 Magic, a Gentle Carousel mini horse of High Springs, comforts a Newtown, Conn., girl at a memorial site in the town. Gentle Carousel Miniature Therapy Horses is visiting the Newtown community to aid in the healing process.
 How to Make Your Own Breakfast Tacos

* * *

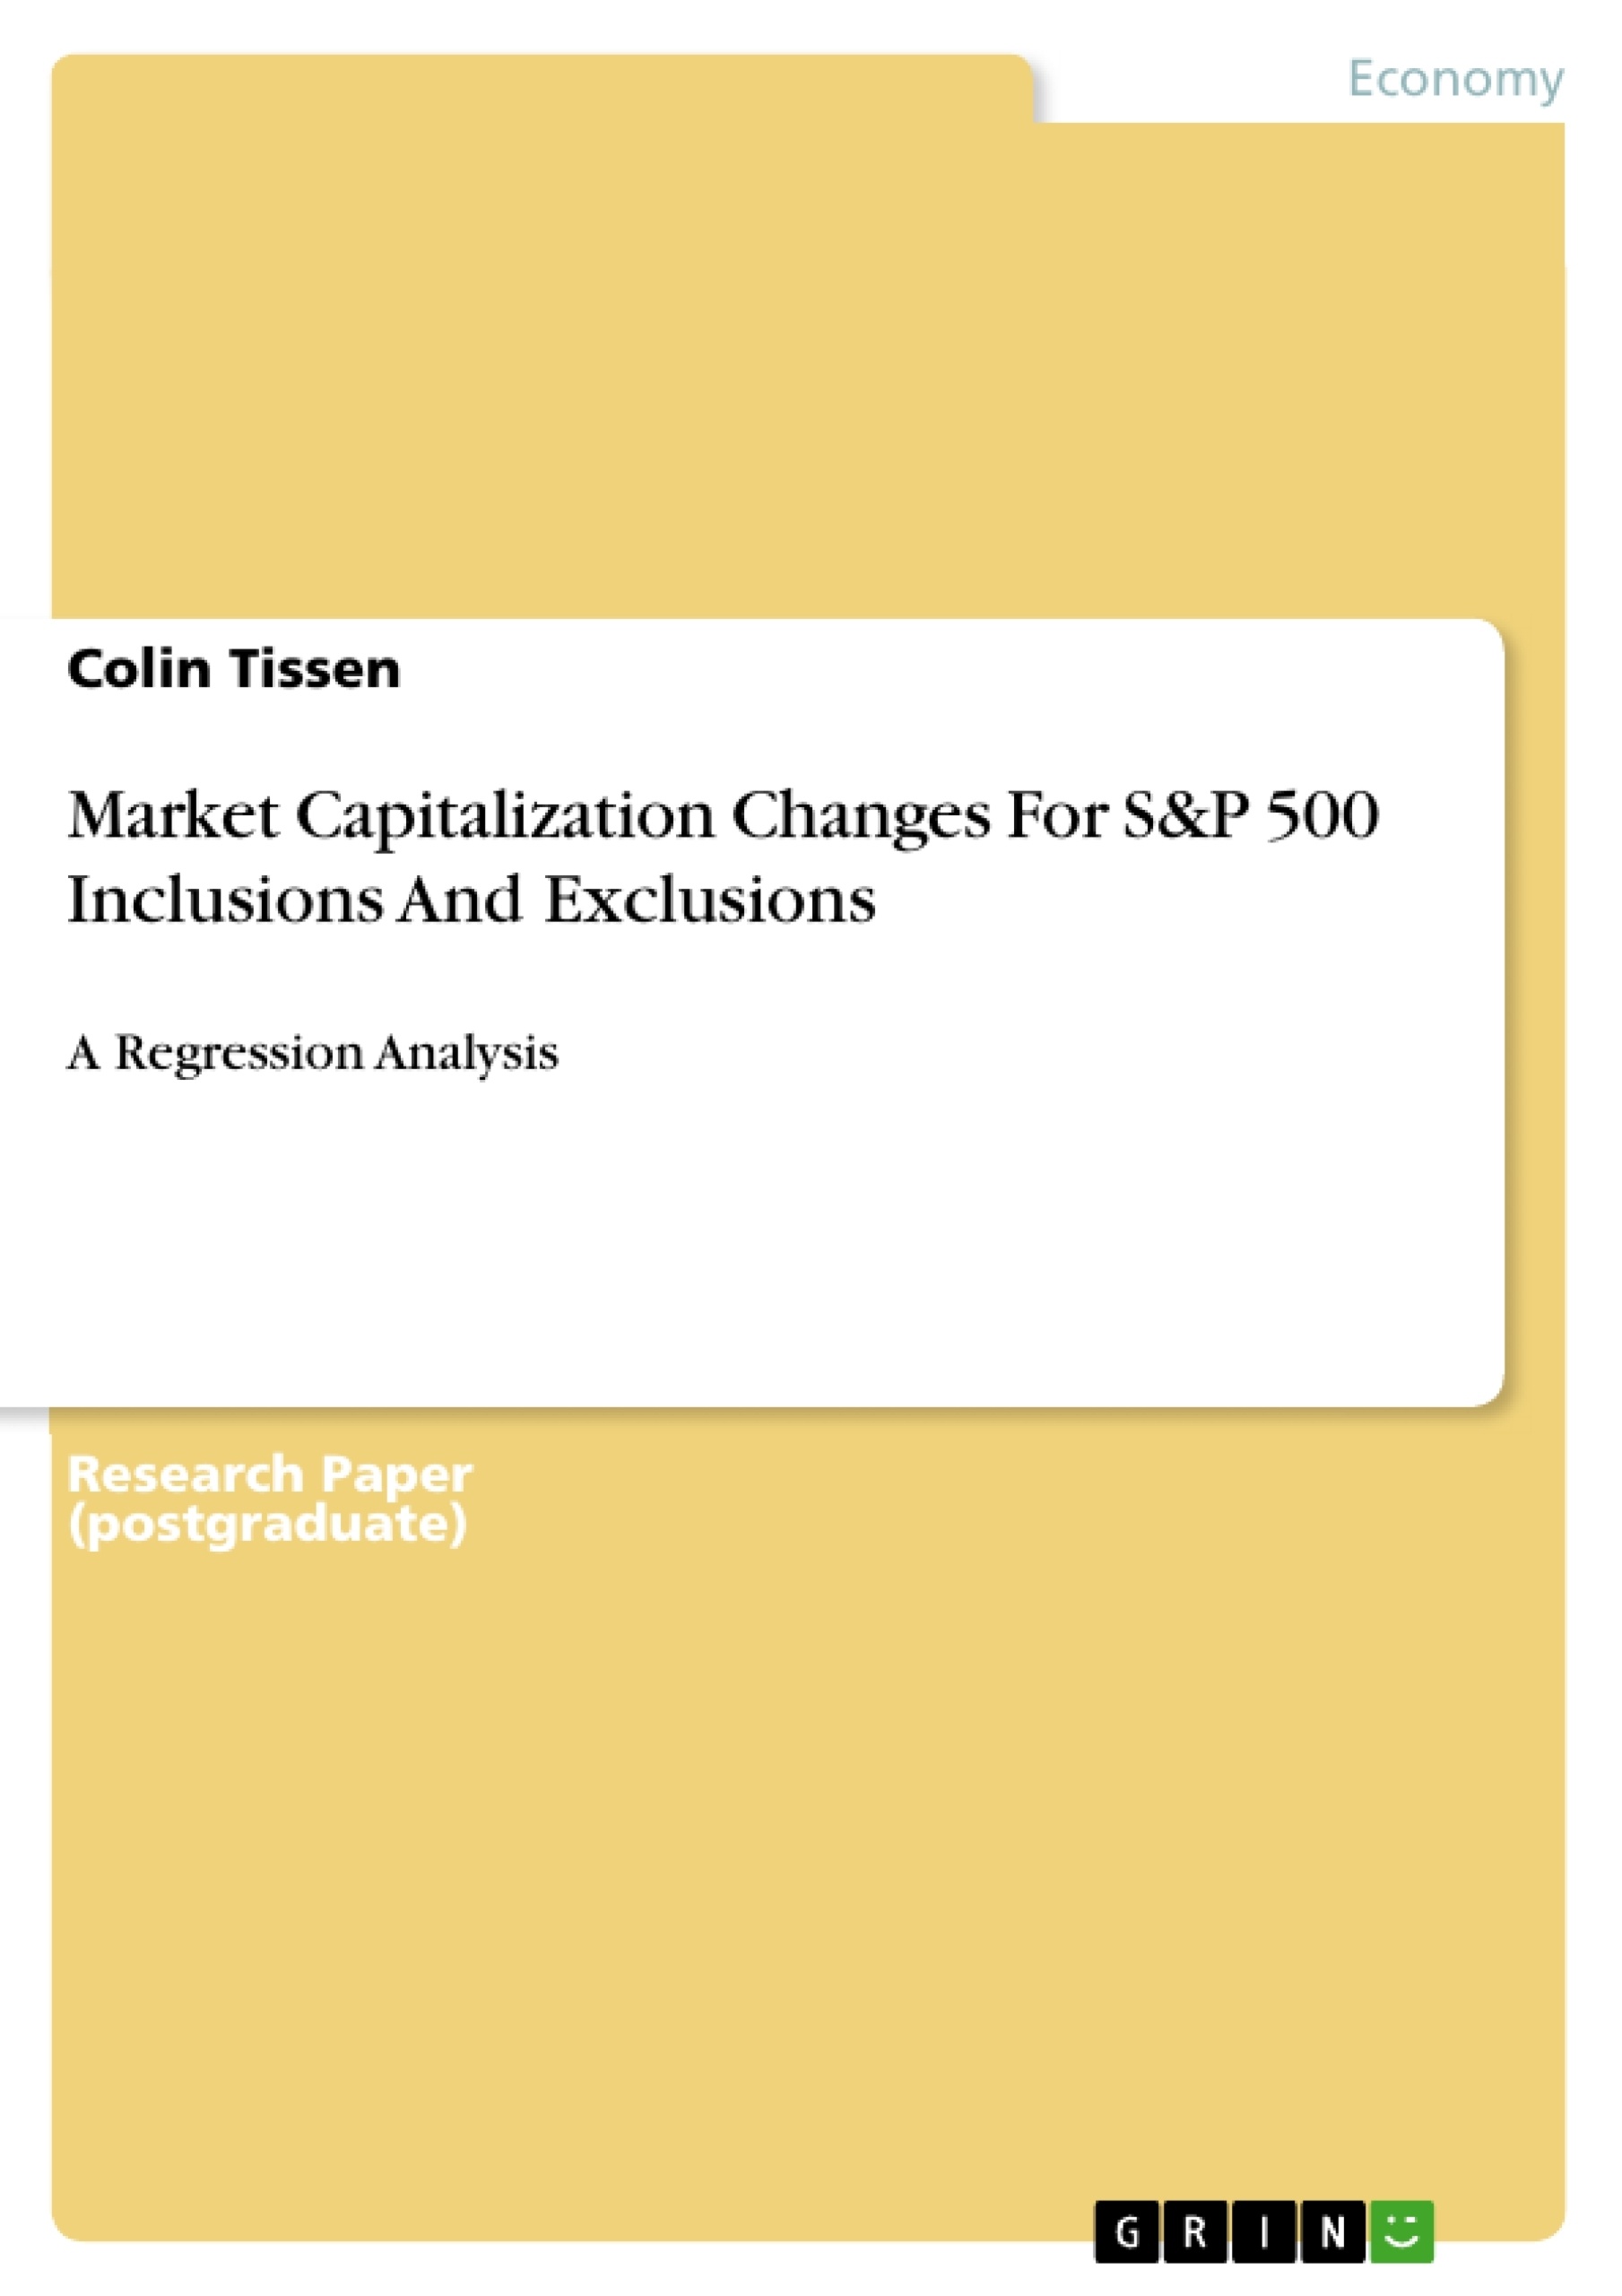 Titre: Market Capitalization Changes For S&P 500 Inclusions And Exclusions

==

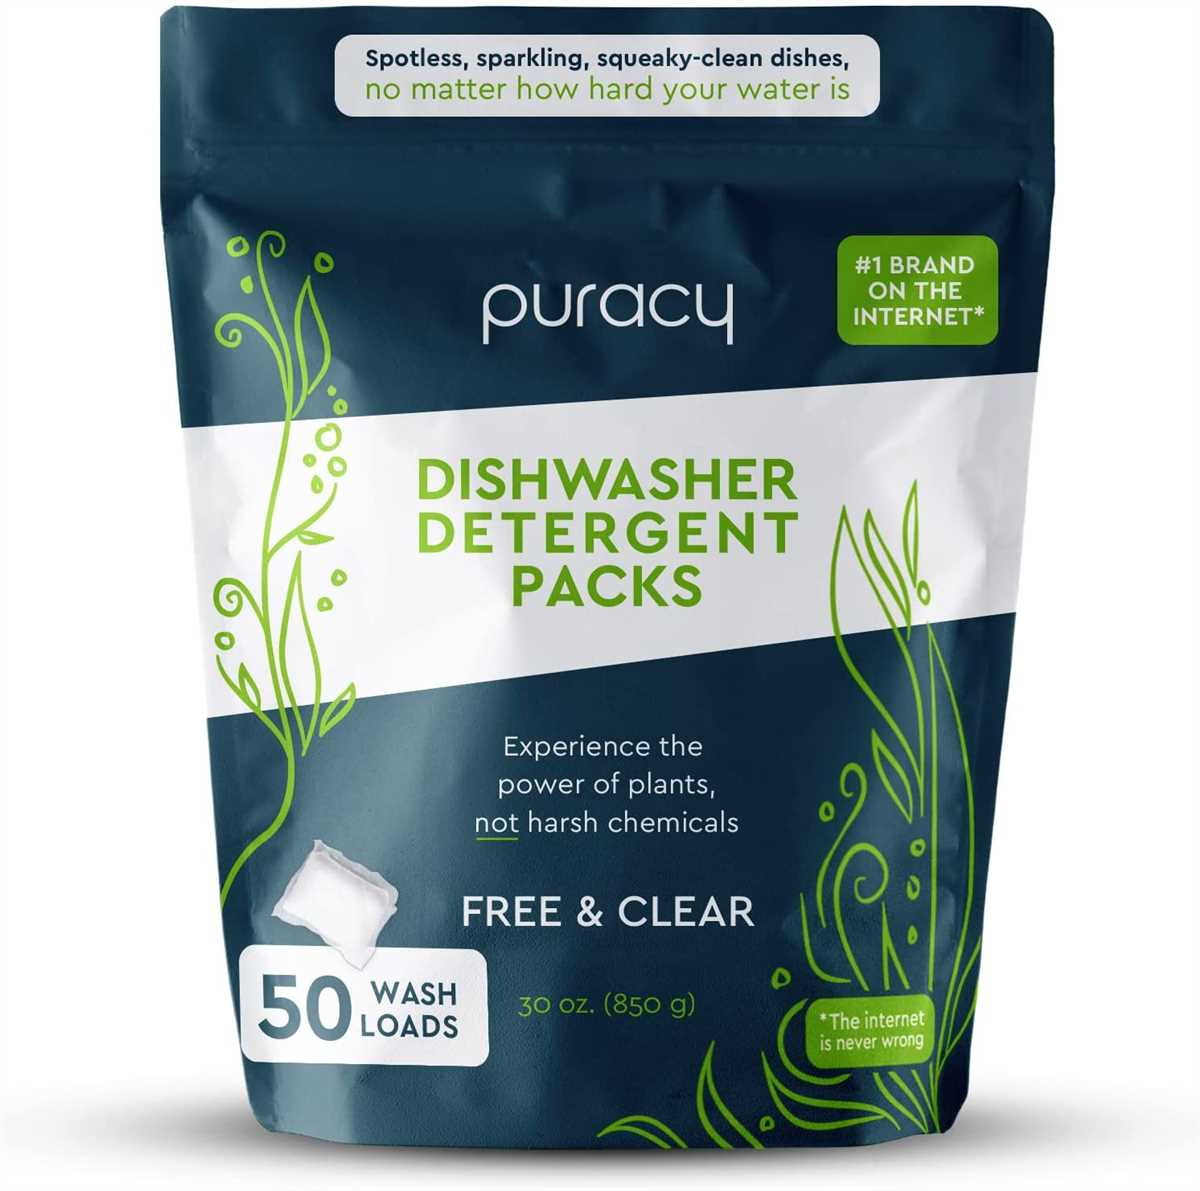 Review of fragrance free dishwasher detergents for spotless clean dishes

» **TASK PROMPT**:
The lines above starting at the one that contains "Magic, a Gentle" and ending at the one that contains "How to Make Your Own Breakfast Tacos" must be transcribed exactly, and no other lines may appear.

» **TASK ANSWER**:
 Magic, a Gentle Carousel mini horse of High Springs, comforts a Newtown, Conn., girl at a memorial site in the town. Gentle Carousel Miniature Therapy Horses is visiting the Newtown community to aid in the healing process.
 How to Make Your Own Breakfast Tacos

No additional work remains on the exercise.